The MIPS P8700 core, featuring multi-core/multi-cluster and multi-threaded CPU IP based on the RISC-V ISA, is now progressing toward series production with multiple major OEMs. Key customers like Mobileye (Nasdaq: MBLY) have embraced this approach for future products for self-driving vehicles and highly automated driving systems.

“MIPS has been a key collaborator in our success with the EyeQ™ systems-on-chip for ADAS and autonomous vehicles,” said Elchanan Rushinek, executive vice president of engineering for Mobileye, in a statement. “The launch of the MIPS P8700 RISC-V core will help drive our continued development for global automakers, enabling greater performance and excellent efficiency in cost and power usage.” 

The P8700 Series is a high-performance out-of-order processor that implements the RISC-V RV64GC architecture, including new CPU and system-level features designed for performance, power, area form factors and additional proven features built on legacy MIPS micro-architecture deployed in more than 30+ car models today across the global OEM market.

Mobileye chip for vehicles with P8700 CPU from MIPs.

Engineered to deliver industry-leading compute density, MIPS’ latest processor harnesses three key architectural features, including MIPS out-of-order multi-threading, which enables execution of multiple
instructions from multiple threads (harts) every clock cycle, providing higher utilization and CPU efficiency.

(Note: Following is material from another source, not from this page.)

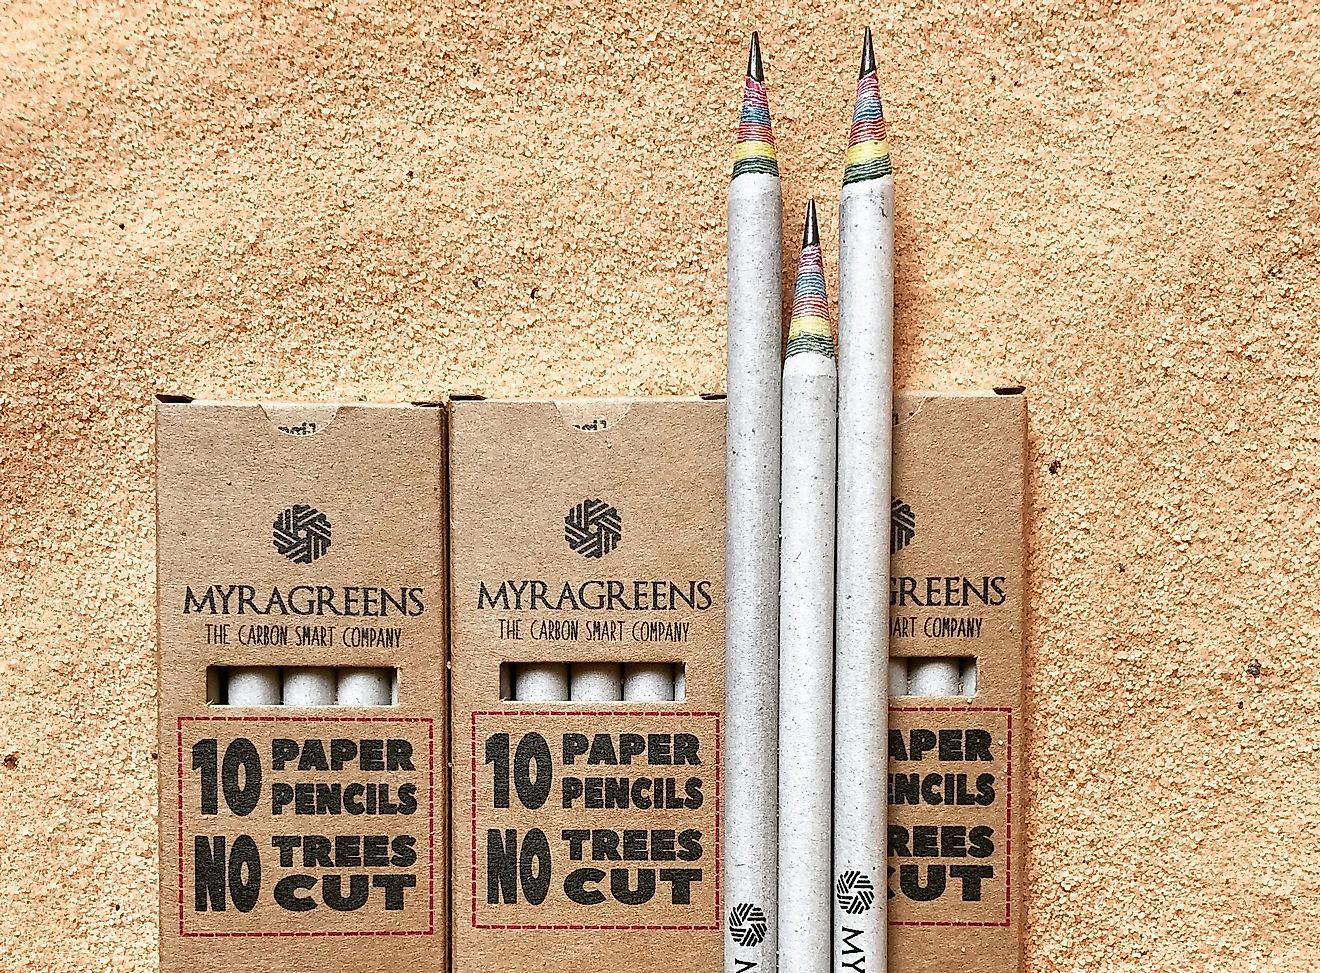 Recycled pencils made by MyraGreens. Photo credit: MyraGreens.

It also has coherent multi-core, multi-cluster, where the P8700 Series scales up to 6 coherent P8700 cores in a cluster with each cluster supporting direct attach accelerators.

And it has functional safety designed to meet the ASIL-B(D) functional safety standard (ISO26262) by incorporating several fault detection capabilities such as end-to-end parity protection on address and data buses, parity protection on software visible registers, fault bus for reporting faults to the system, and
more.

The MIPS P8700 processor is now available to the broader market, with key partnerships already in place. Shipments with OEM launches are expected shortly. MIPS has been around for three decades and billions of its chips have shipped to date.

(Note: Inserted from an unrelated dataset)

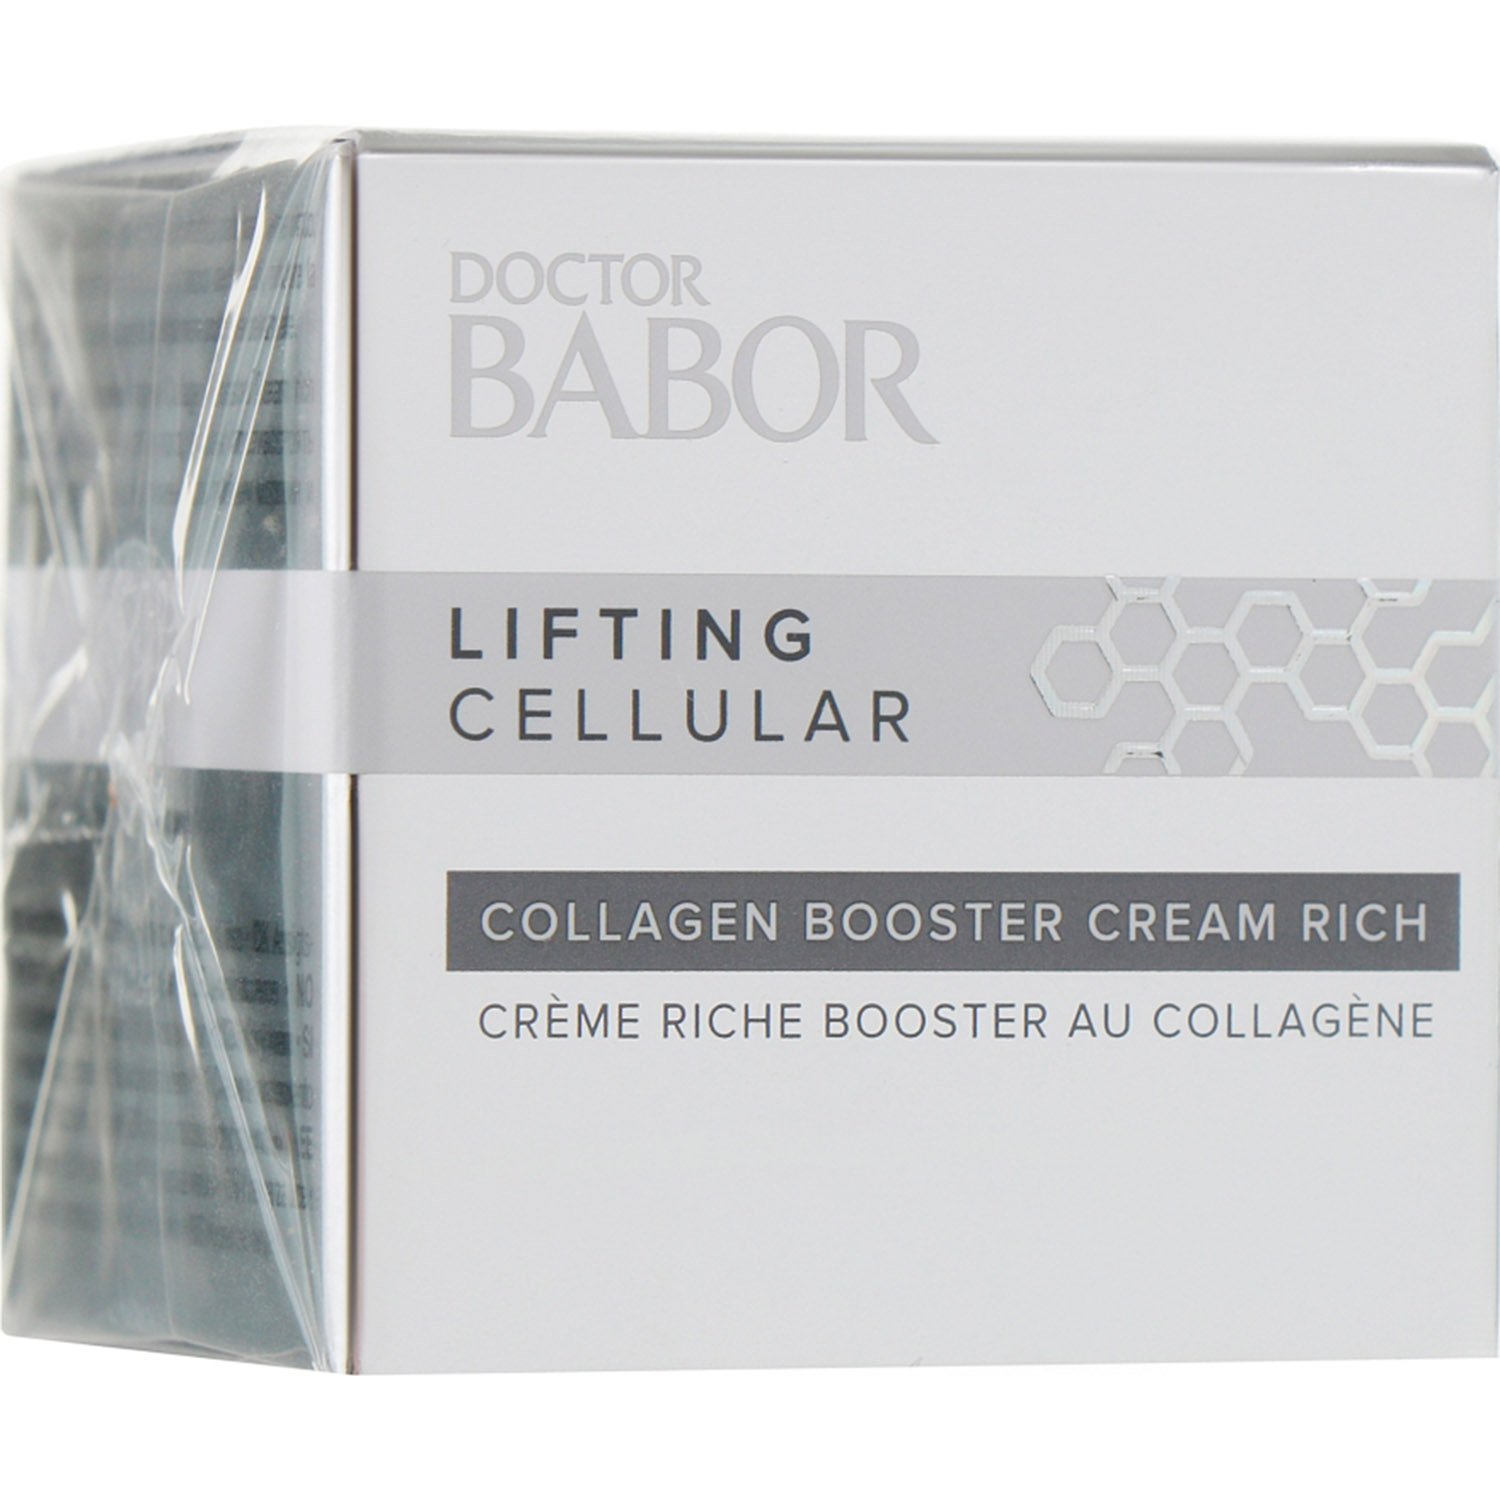 Крем-бустер для лица Babor Doctor Babor Lifting Cellular Collagen Booster Cream, 50 мл - фото 2

In the past, Wasson said vendors were using the wrong computer architecture, which was built for entertainment and screen applications, rather than hardcore AI problems.

“What we are trying to do is go focus on building compute for ADAS and higher levels of autonomy, from the ground up,” he said.

Vasanth Waran, worldwide head of business development at MIPS, said in an interview with VentureBeat that other architectures have been pushing performance forward through brute force, adding more complexity and scaling, but not necessarily coming up with affordable designs.

“If you want to bring it to a larger market, you want autonomy to be affordable, and you want it to scale,” Waran said. “There needs to be a more pure approach, given the lack of a better word, and that’s what motivated us. The 8700 from the ground up is where you can move data seamlessly between different parts of a design. If you look at a car, you have a lot of sensors with data coming in, from cameras, radar, LiDAR, in some cases, and the inputs from these need to be processed. It needs to be pushed out to an AI accelerator system. And then that data needs to help you make a decision.”

MIPS’ designs try to offload a lot of the performance from AI accelerators, whether it’s in pre-processing or post-processing. With a general-purpose processor, new software can be supported, and such software for AI accelerators is changing all the time.

RISC-V has been building up its ecosystem in the past couple of years, and its ecosystem is now at the right size to support applications.

“The other big thing that’s happening is software defined vehicles. Our products can be used for a holistic software-defined vehicle architecture,” Waran said. “We’re focused completely on the autonomous journey.”

Wasson said his company will be at the CES 2025 event coming up in Las Vegas in January, where pitching automakers will be a big task for the company.